This discussion is based on the Code, administrative pronouncements, judicial decisions and final, temporary and proposed Treasury regulations, all as of the date hereof, changes to any of which subsequent to the date of this pricing supplement may affect the tax consequences described herein, possibly with retroactive effect.
Tax Treatment of the Securities
Due to the absence of statutory, judicial or administrative authorities that directly address the U.S. federal tax treatment of the Securities or similar instruments, significant aspects of the treatment of an investment in the Securities are uncertain. In connection with any information reporting requirements we may have in respect of the Securities under applicable law, we intend (in the absence of an administrative determination or judicial ruling to the contrary) to treat a Security as a put option (the “Put Option”) written by the holder with respect to the Underlying Index, secured by a cash deposit equal to the stated principal amount of the Security (the “Deposit”). In the opinion of our tax counsel, Davis Polk & Wardwell LLP, which is based on current market conditions, this treatment of the Securities is reasonable under current law; however, our tax counsel has advised us that due to the lack of any controlling legal authority it is unable to conclude affirmatively that this treatment is more likely than not to be upheld, and that alternative treatments are possible. Under this treatment:
| · | a portion of each coupon payment will be attributable to interest on the Deposit; and |
| · | the remainder will represent option premium attributable to the holder's grant of the Put Option (with respect to each coupon payment received and, collectively, all coupon payments received, "Put Premium"). |
We do not plan to request a ruling from the IRS, and the IRS or a court might not agree with this treatment. Accordingly, potential investors should consult their tax advisers regarding all aspects of the U.S. federal tax consequences of an investment in the Securities and with respect to any tax consequences arising under the laws of any state, local or foreign taxing jurisdiction. Unless otherwise stated, the following discussion is based on the treatment of each Security as a Put Option and a Deposit.
Tax Consequences to U.S. Holders
This section applies only to U.S. Holders. As used herein, the term “U.S. Holder” means a beneficial owner of a Security that is, for U.S. federal income tax purposes:
| · | a citizen or individual resident of the United States; |
| · | a corporation, or other entity taxable as a corporation for U.S. federal income tax purposes, created or organized in or under the laws of the United States, any state thereof or the District of Columbia; or |
| · | an estate or trust the income of which is subject to U.S. federal income taxation regardless of its source. |
Coupon Payments. Based on current market conditions, the Deposit should be treated as a “variable rate debt instrument.” Under this treatment, interest on the Deposit will be taxable to a U.S. Holder as ordinary interest income at the time it accrues or is received in accordance with the holder’s method of tax accounting. The Put Premium will not be taken into account until maturity or earlier redemption, sale or exchange of the Securities. We will treat 30.04% of each coupon payment as interest on the Deposit and 69.96% as Put Premium for each Security. This allocation is binding on you unless you disclose otherwise on your U.S. federal income tax return; however, it is not binding on the IRS, and the IRS might disagree with it.
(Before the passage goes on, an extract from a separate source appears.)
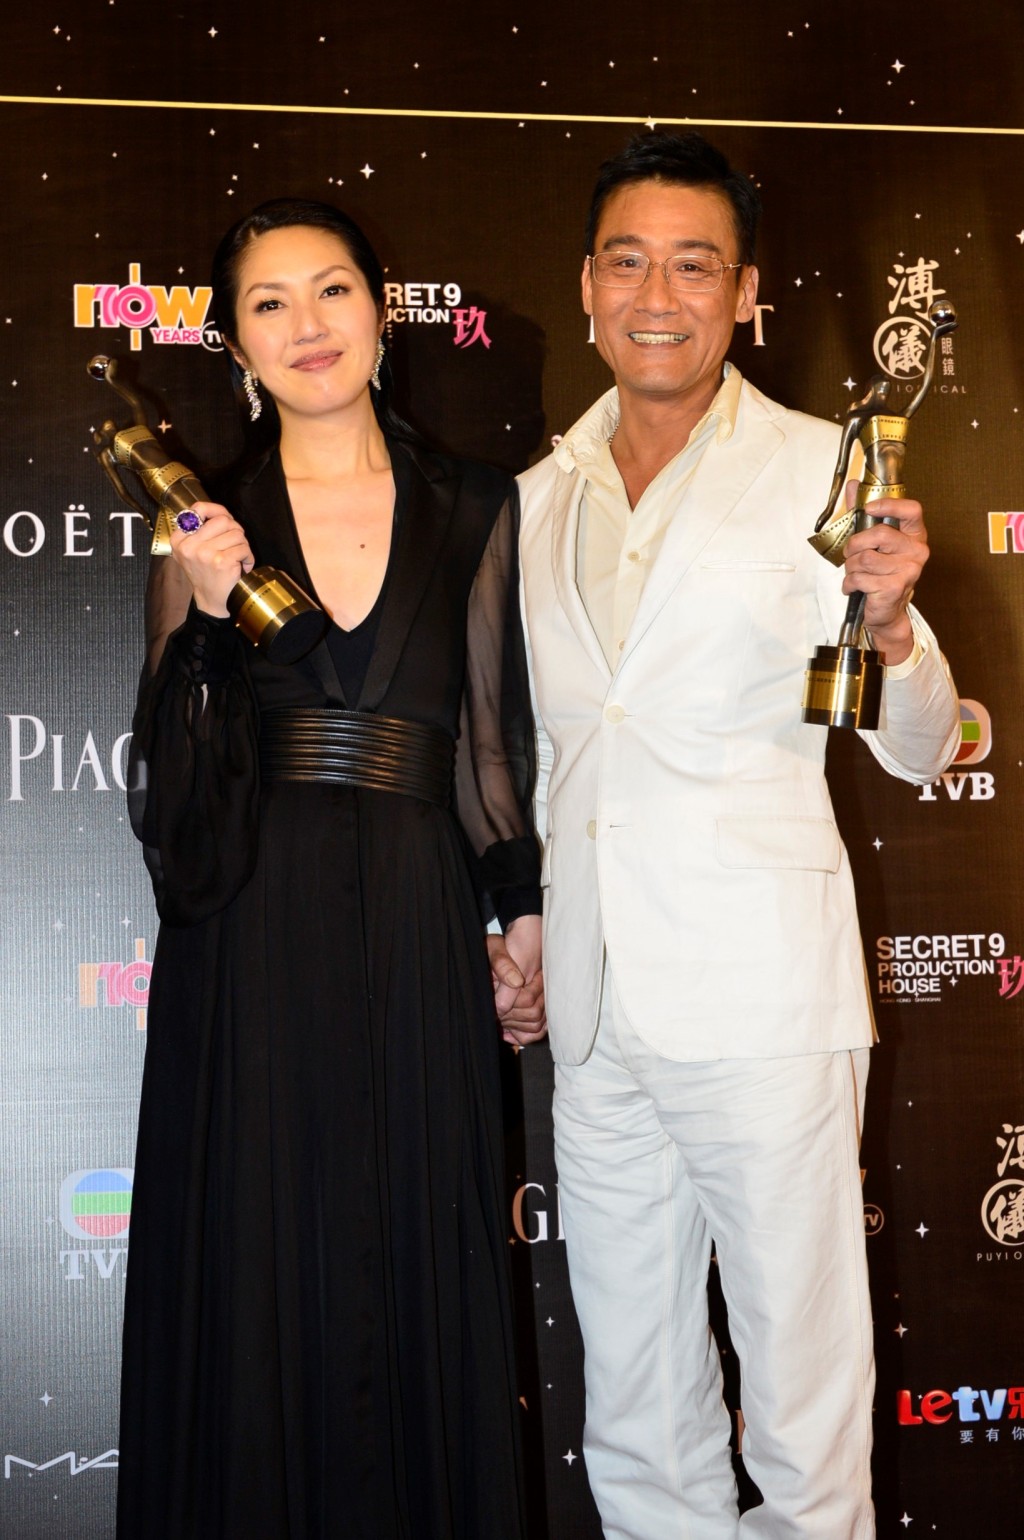 鄭秀文2013年輸給憑《春嬌與志明》提名的大熱楊千嬅。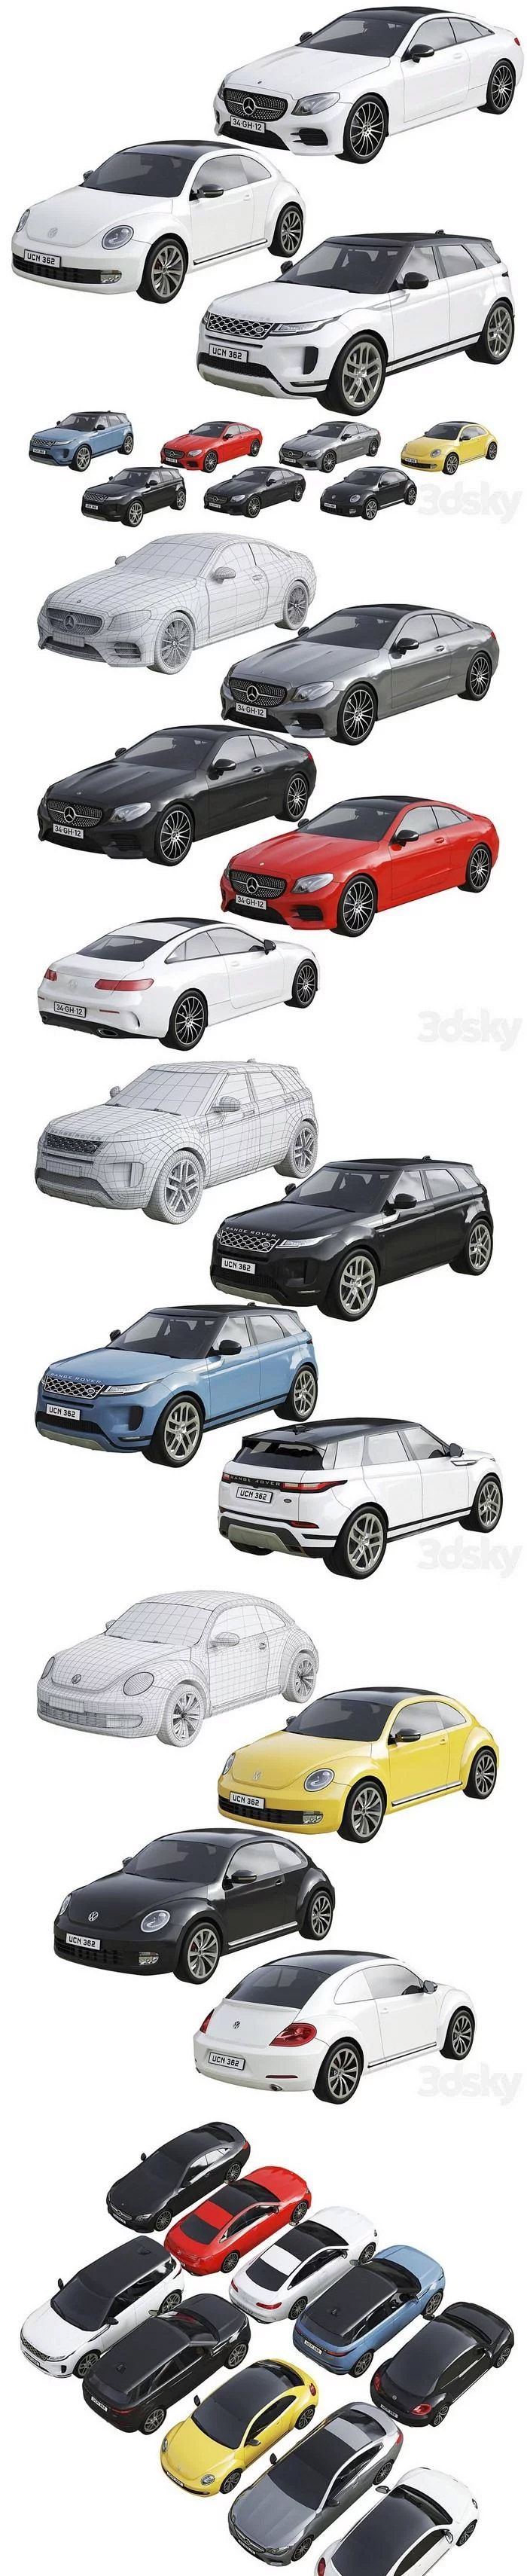 各种品牌汽车3D模型大集合-MAX | FBX | OBJ插图

Sale or Exchange Prior to Redemption or Maturity. Upon a sale or exchange of a Security prior to maturity or earlier redemption, a U.S. Holder should apportion the amount realized between the Deposit and the Put Option based on their respective values on the date of sale or exchange. Because the amount of a coupon payment in respect of an accrual period will not be known until the end of the relevant observation period, it is not clear how much interest, if any, will be treated as having accrued on the Deposit at the time of a sale or exchange that occurs during the period. Except with respect to amounts attributable to accrued interest on the Deposit, which will be treated as such, a U.S. Holder will recognize gain or loss with respect to the Deposit in an amount equal to the difference between (i) the amount realized that is apportioned to the Deposit (the “Deposit Value”) and (ii) the U.S. Holder’s basis in the Deposit (i.e., the stated principal amount of the Security). Such gain or loss will be long-term capital gain or loss if the U.S. Holder has held the Security for more than one year, and short-term capital gain or loss otherwise.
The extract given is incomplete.